Opened 12 years ago

Closed 10 years ago

#2286 closed defect (duplicate)

Possible data truncation and loss of information during Shapefile import

Reported by: Kosta Owned by: warmerdam
Priority: normal Milestone:
Component: OGR_SF Version: 1.5.0
Severity: critical Keywords: Shapefile, truncation
Cc:

Description

I would like to apply the attached patch to the Shapefile Driver in order to avoid loss or truncation of data during shapefile import.

The problem is: if a Shapefile specifies a column of type "N" (number) with a width larger than 10 digits, the data type is promoted to "double" (since "int32" can only represent 10 digits); but "double" values can only represent up to 15 or 16 digits; so this "double" promotion will result in loss of information if the original data has a width larger than 15 digits... [note: e.g., TeleAtlas use 30-digit numbers as unique IDs for some of their features!]

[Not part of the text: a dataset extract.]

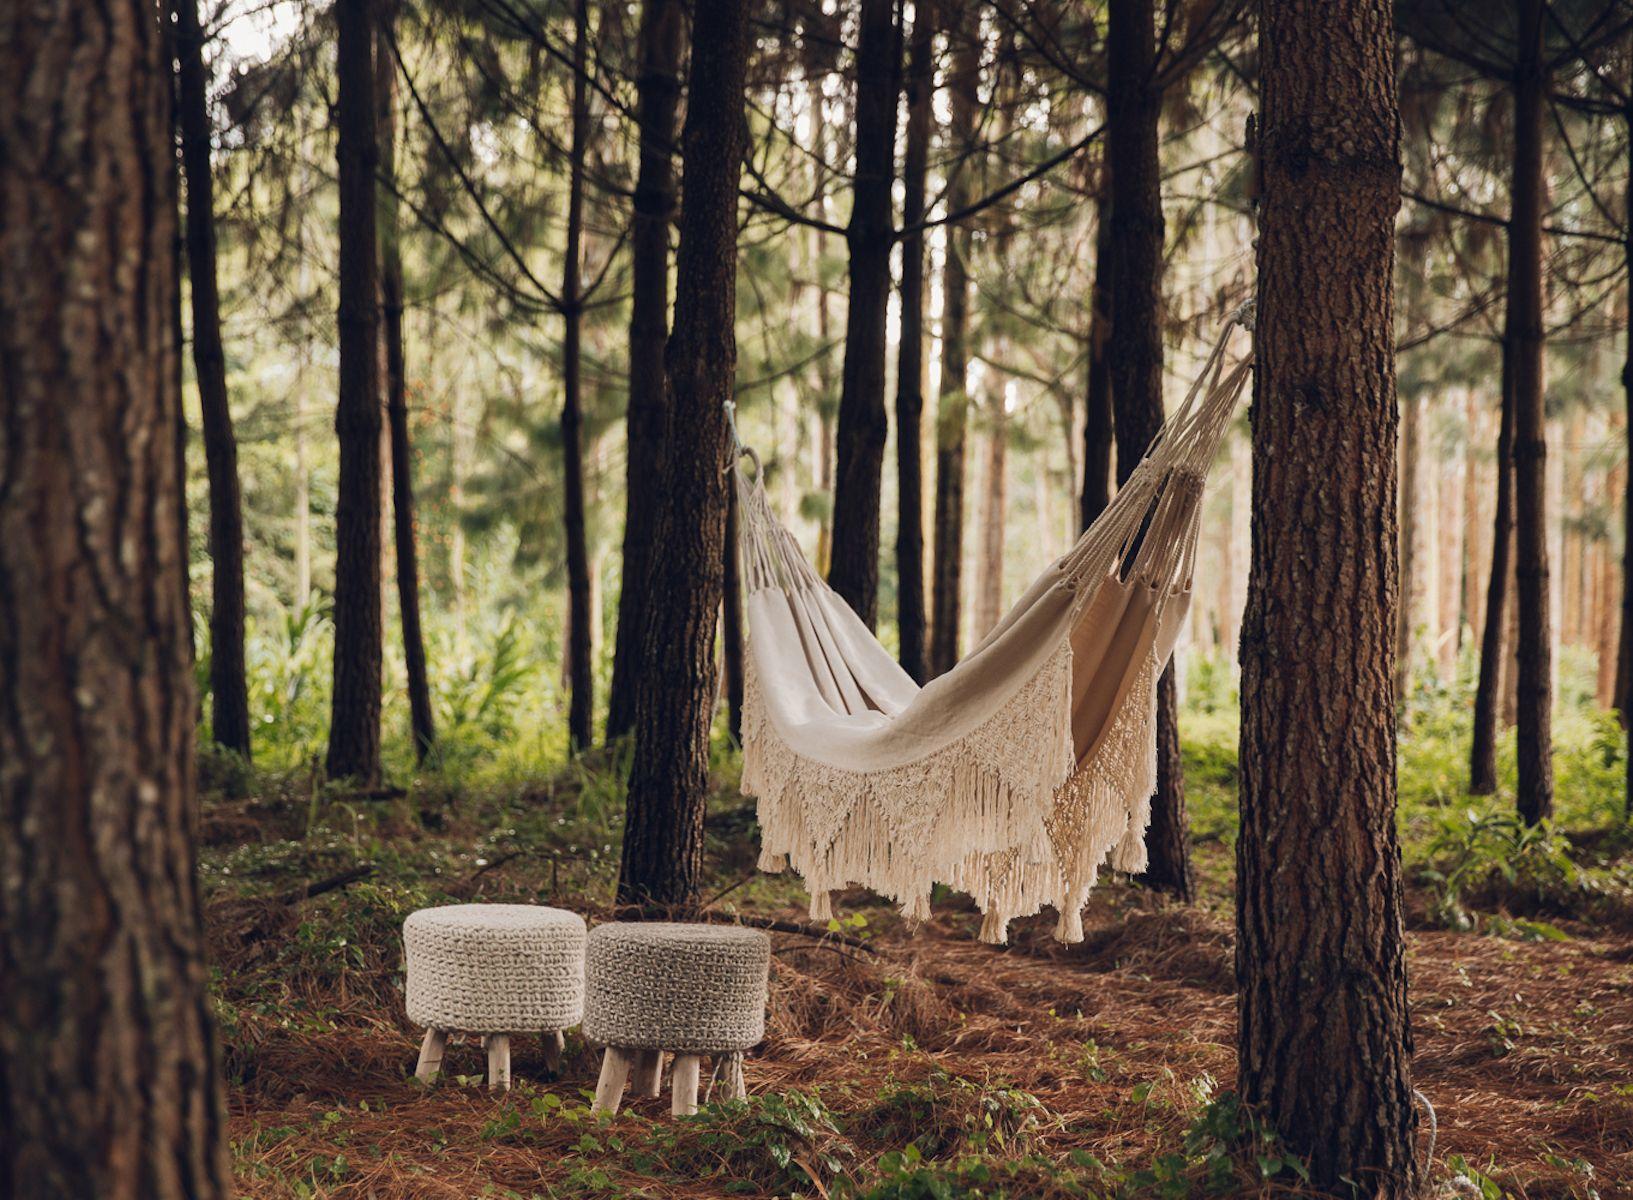 No Hay Nada Mejor Que Disfrutar De La Naturaleza Desde La

The attached patch will promote "numbers":

  • with at least 1 decimal to "doubles",
  • with less than 11 digits to "ints", and
  • everything else to "strings",

avoiding loss or truncation of information.

Attachments (1)

gdal-shapefile-datatype.patch (1.5 KB) - added by Kosta 12 years ago.

Download all attachments as: .zip

Change History (6)

Changed 12 years ago by Kosta

comment:1 Changed 12 years ago by Even Rouault

This is the most often reported bug... See #2152, #1627, #1112, #933, #809

comment:2 Changed 12 years ago by Kosta

Keywords: truncation added

OK, then this issue should be fixed somehow, asap.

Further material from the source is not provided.